From a google search, I have found an animal hospital in your area that has exotics (avian) vet services available: Skopje Vet - Karpo? - Macedonia


----------



## StarlingWings (Mar 15, 2013)

Hi Marko, welcome back! :wave: 

I'm sorry to see the condition that your female's eye is in--it certainly does not look good at all :upset: If I had to guess, I would say it's an eye infection of sorts.

I would agree that this isn't something you can cure at home or with our advice due to the severity of the inflammation, so an avian vet is the best way to go. 

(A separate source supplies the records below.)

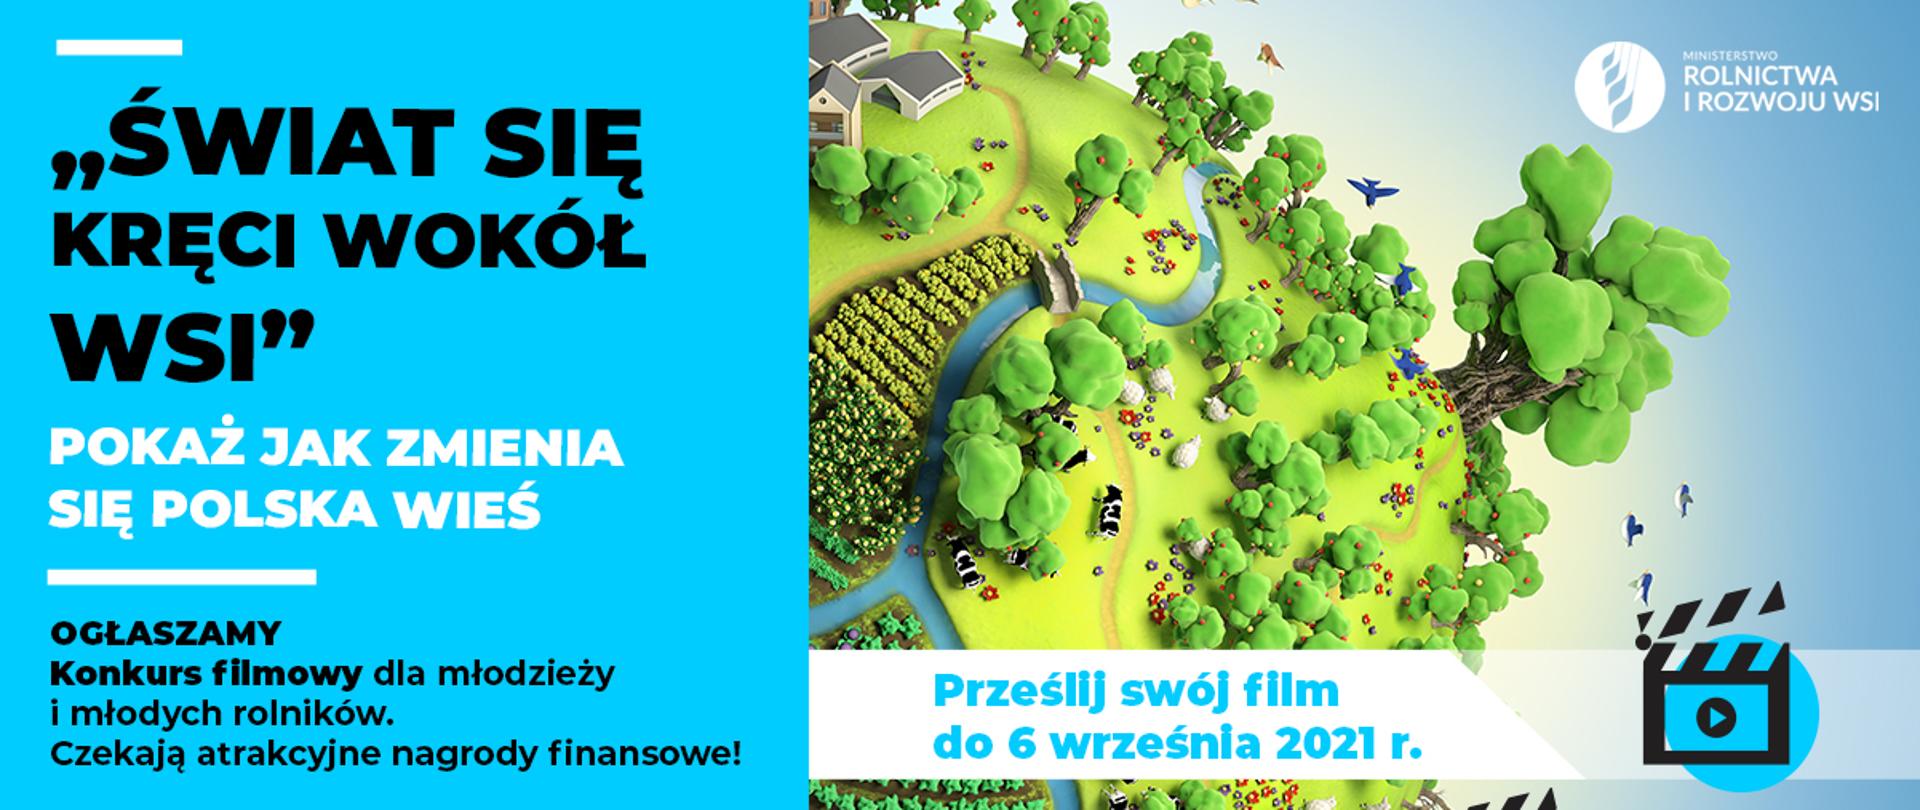 Grafika do konkursu filmowego "Świat się kręci wokół wsi"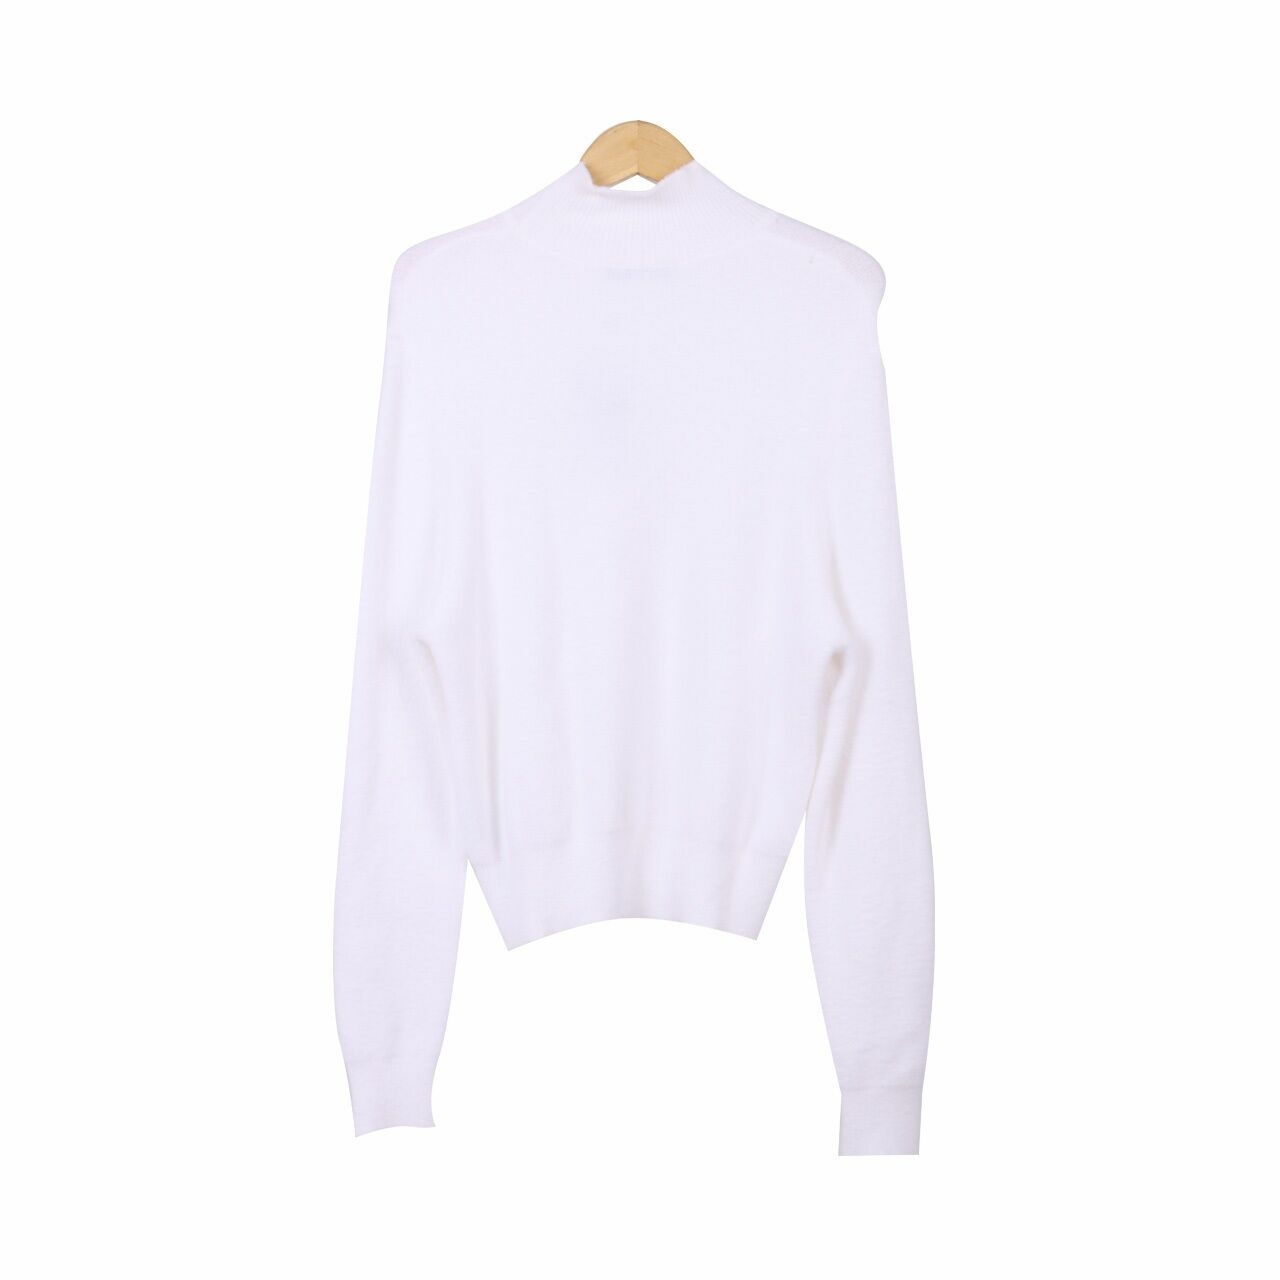 Zara White Sweatshirt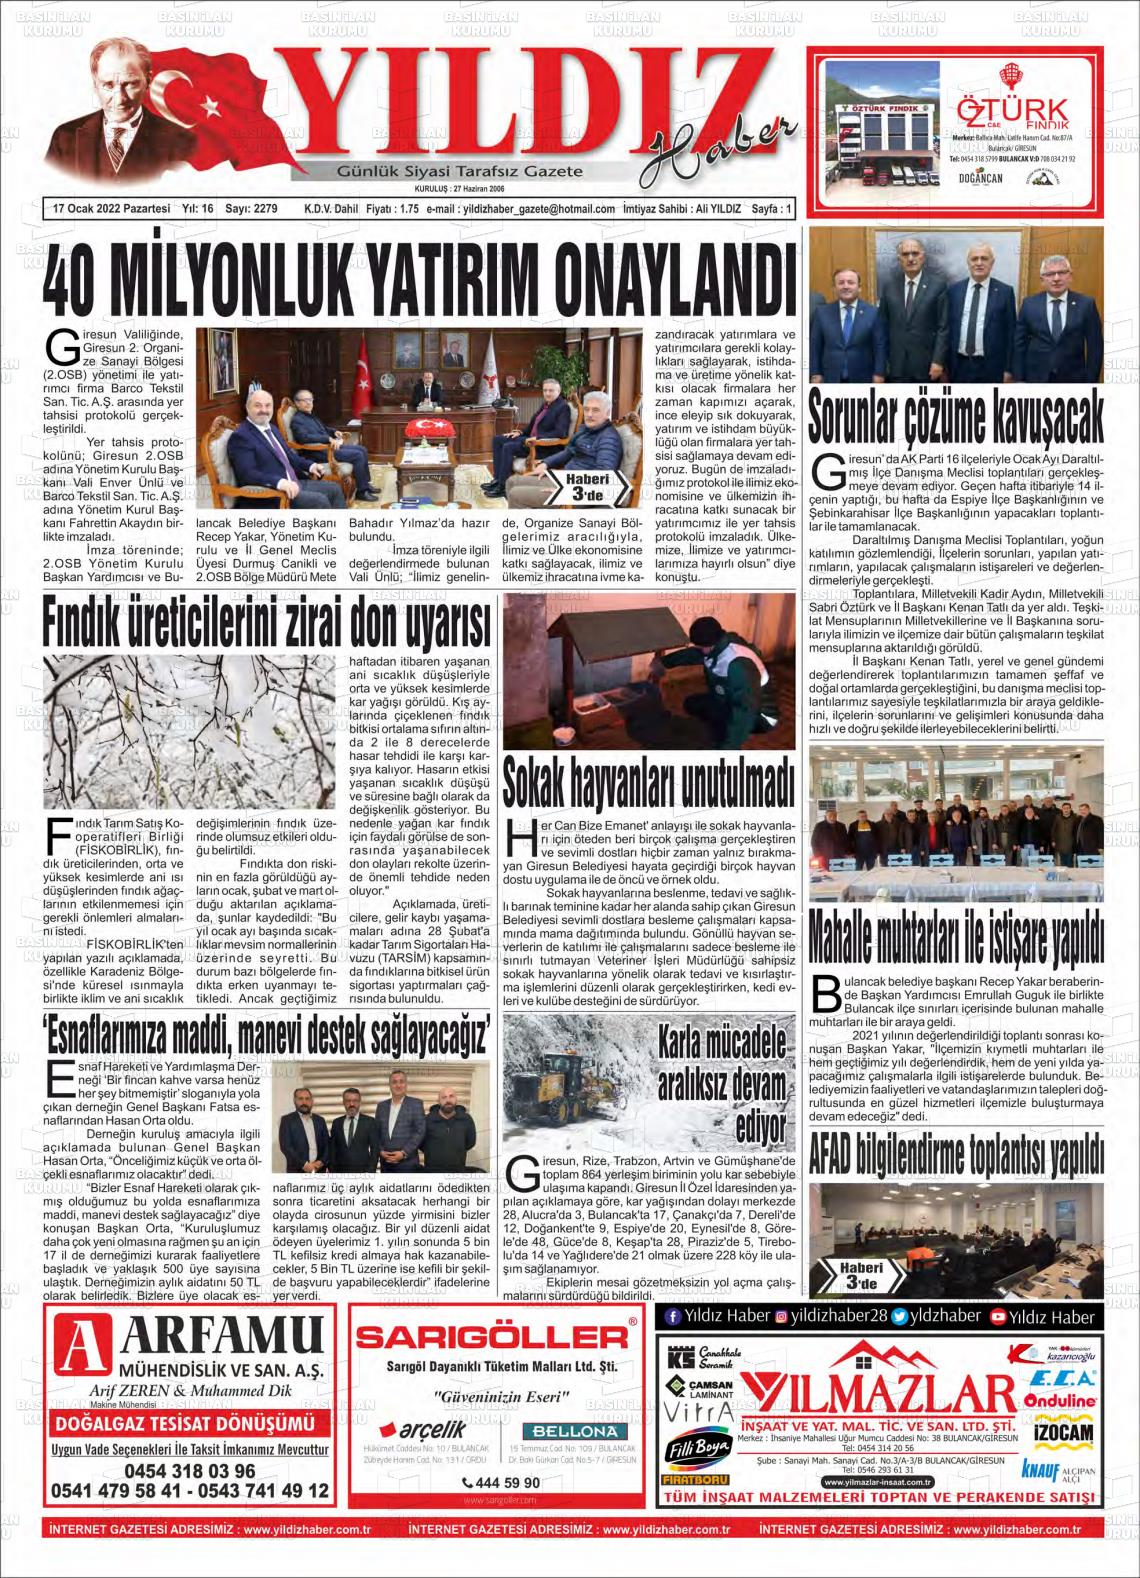 17 Ocak 2022 Yıldız Haber Gazete Manşeti

Hopefully the practice in the link aluz provided will be able to help you get her in :thumbsup: 

While you wait for a vet appointment, you can take some room temperature, unsweetened chamomile tea and drip a few drops in her eye. This will keep the itchiness and discomfort at bay for a little bit so she isn't so stressed when you take her in to the vet. 

Please let us know how she's doing soon! :fingerx:


----------



## mjovcevski (Nov 8, 2012)

So here is an update,

I find a vet that work with birds, after examination the doctor wasn't sure what it is, but she give me some meds (one of the meds I have to give her in the water, the other under the wings). But, how i said she doesn't sound very sure what is the problem with my budgie, and from there I went to local pet shop to consult about the problem.The seller who is also a breeder, told me that this is a know problem for him and he recommended me cream for eyes that we also used. (He dosen't sell that cream, so i bought it from pharmacy). Also i get 12 vitamins witch I have to give her in the water.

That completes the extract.